SUPPLIED INFORMATION:
______________________________

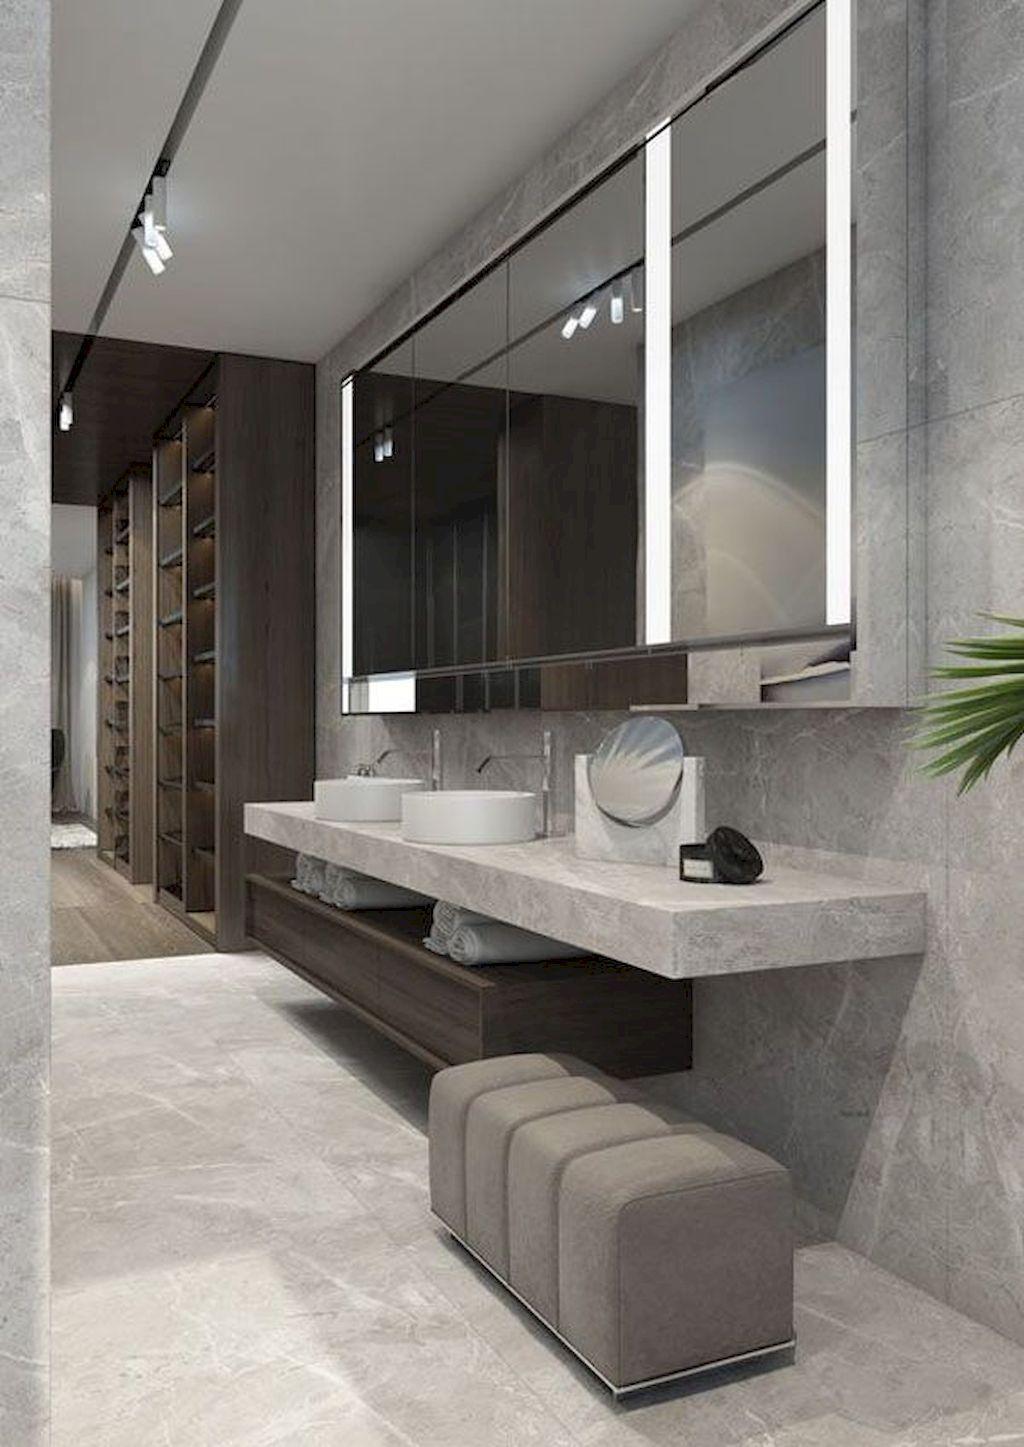 Bathroom Glamor 215 Bathroom Inspiration Modern Modern Bathroom Design Bathroom Interior Design
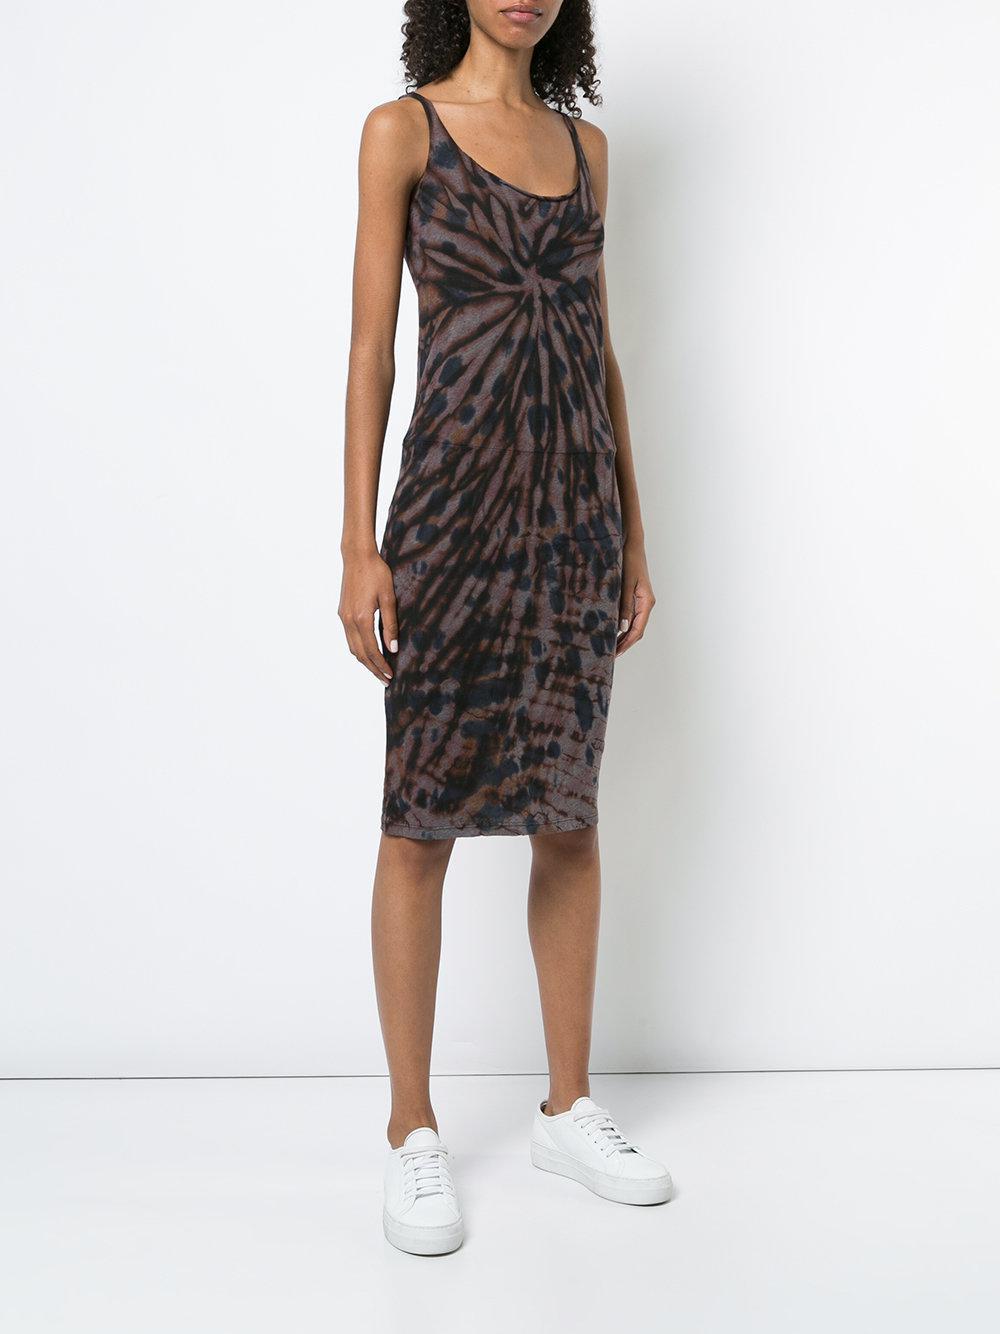 4882ec54989e raquel-allegra-Brown-Fitted-Silhouette-Day-Dress.jpeg
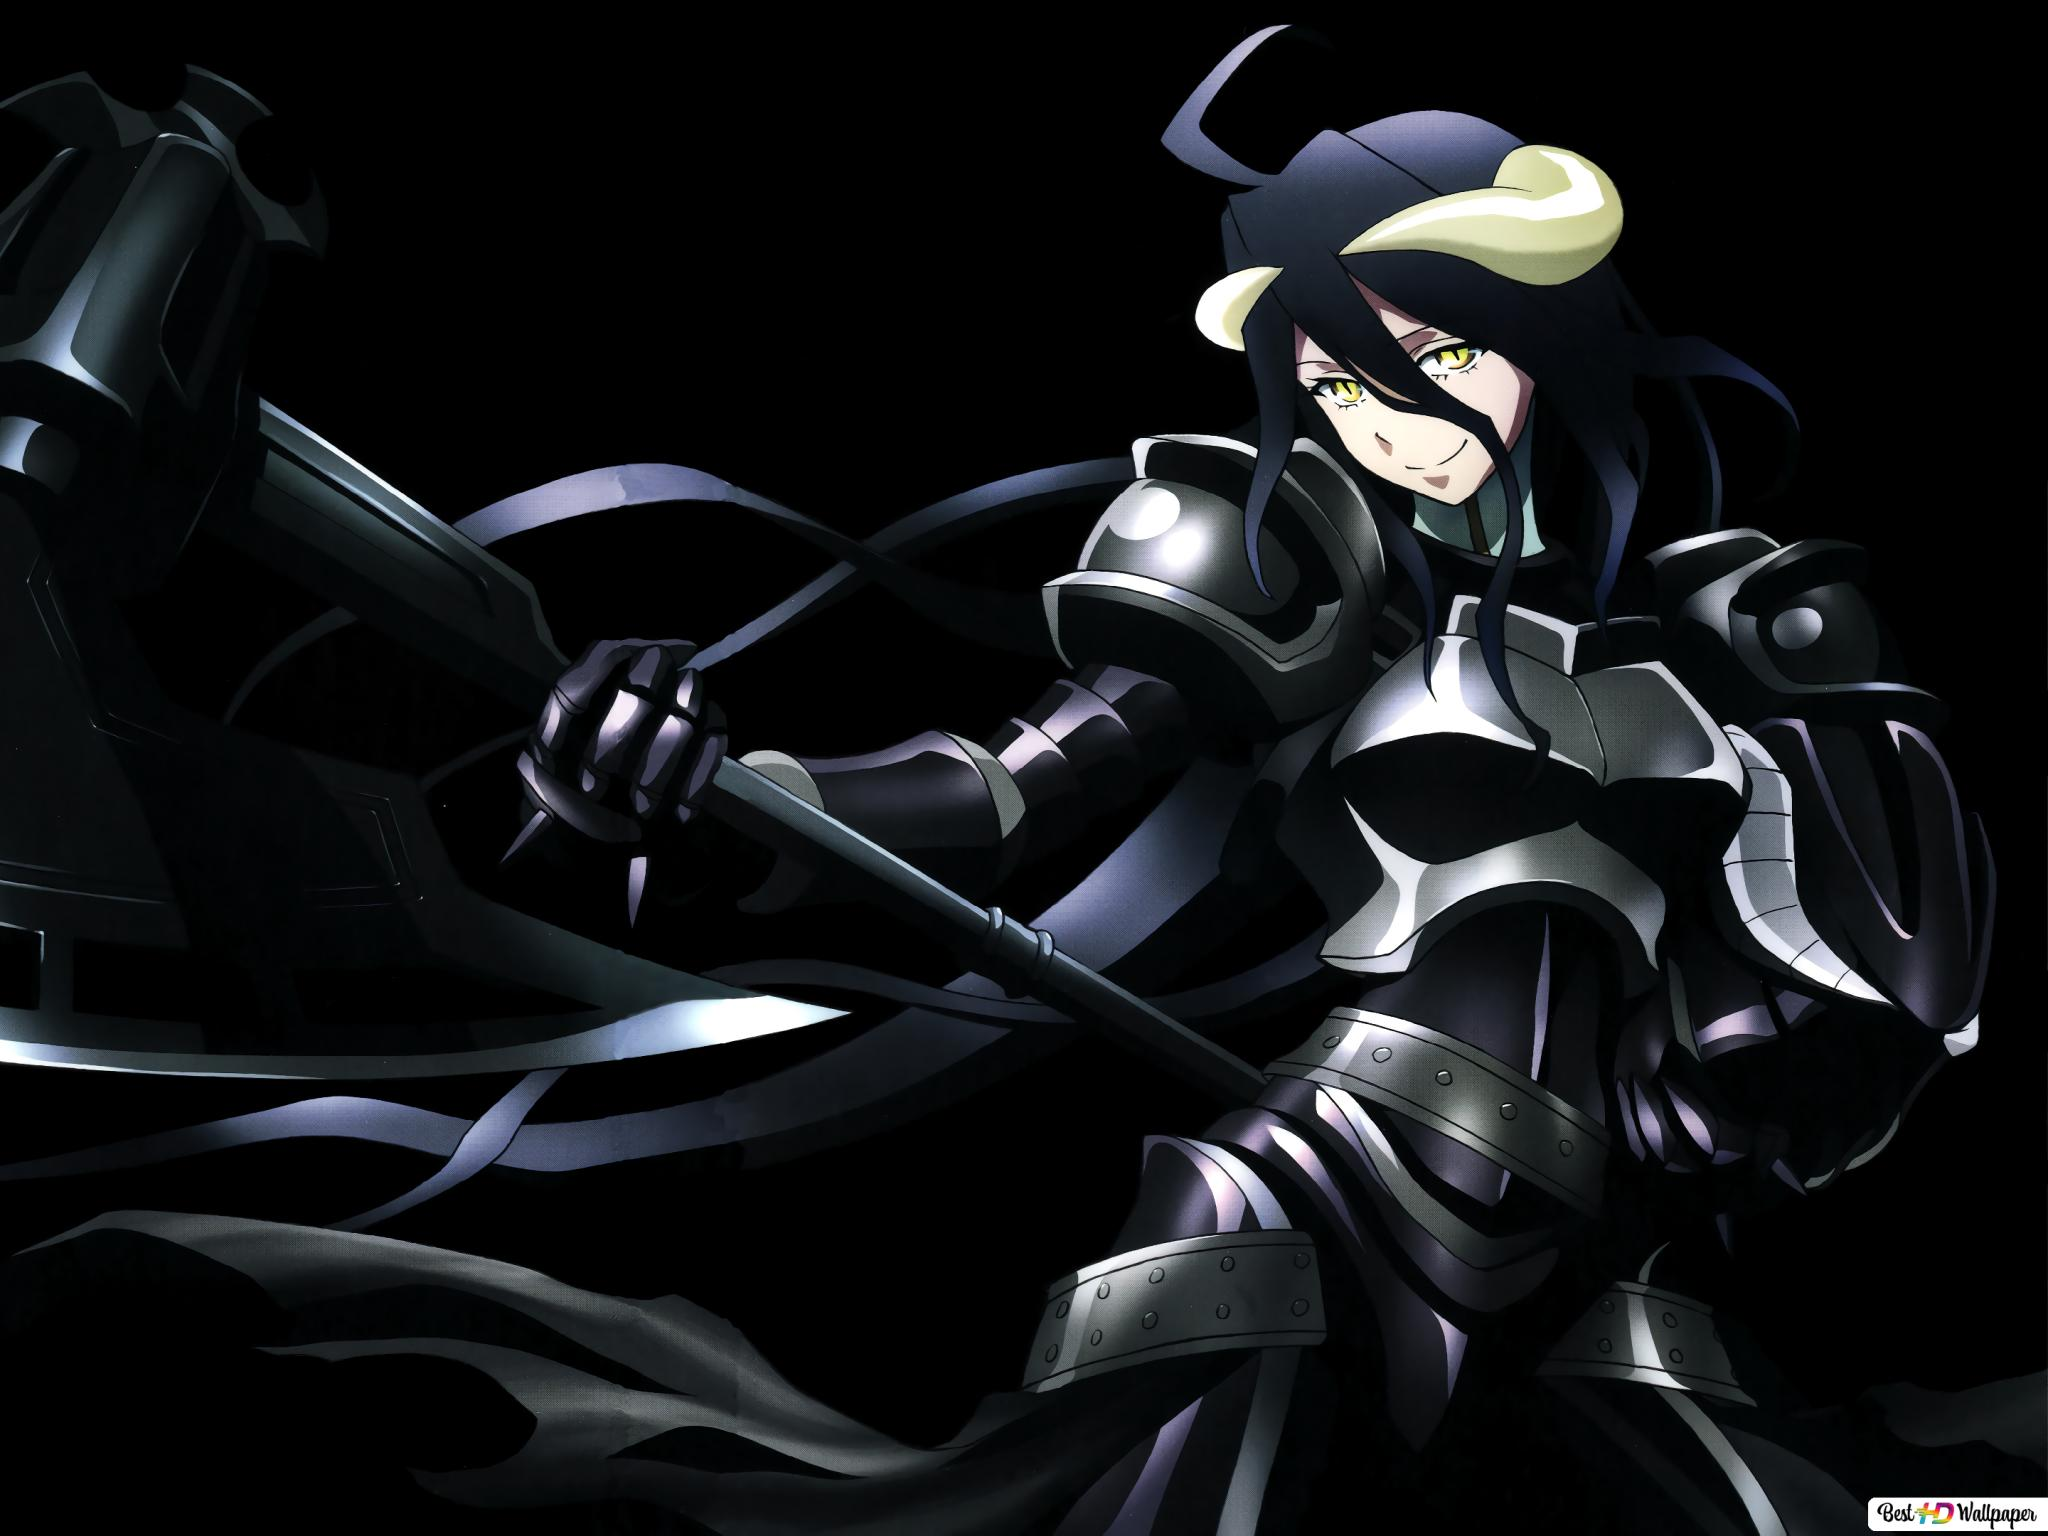 Overlord Albedo Dark Hd Wallpaper Download

______________________________

YOUR OBJECTIVE: Would you transcribe the listing above line by line, exactly, leaving every picture out?

OUTPUT FOR THIS TASK:
 Bathroom Glamor 215 Bathroom Inspiration Modern Modern Bathroom Design Bathroom Interior Design
 4882ec54989e raquel-allegra-Brown-Fitted-Silhouette-Day-Dress.jpeg
 Overlord Albedo Dark Hd Wallpaper Download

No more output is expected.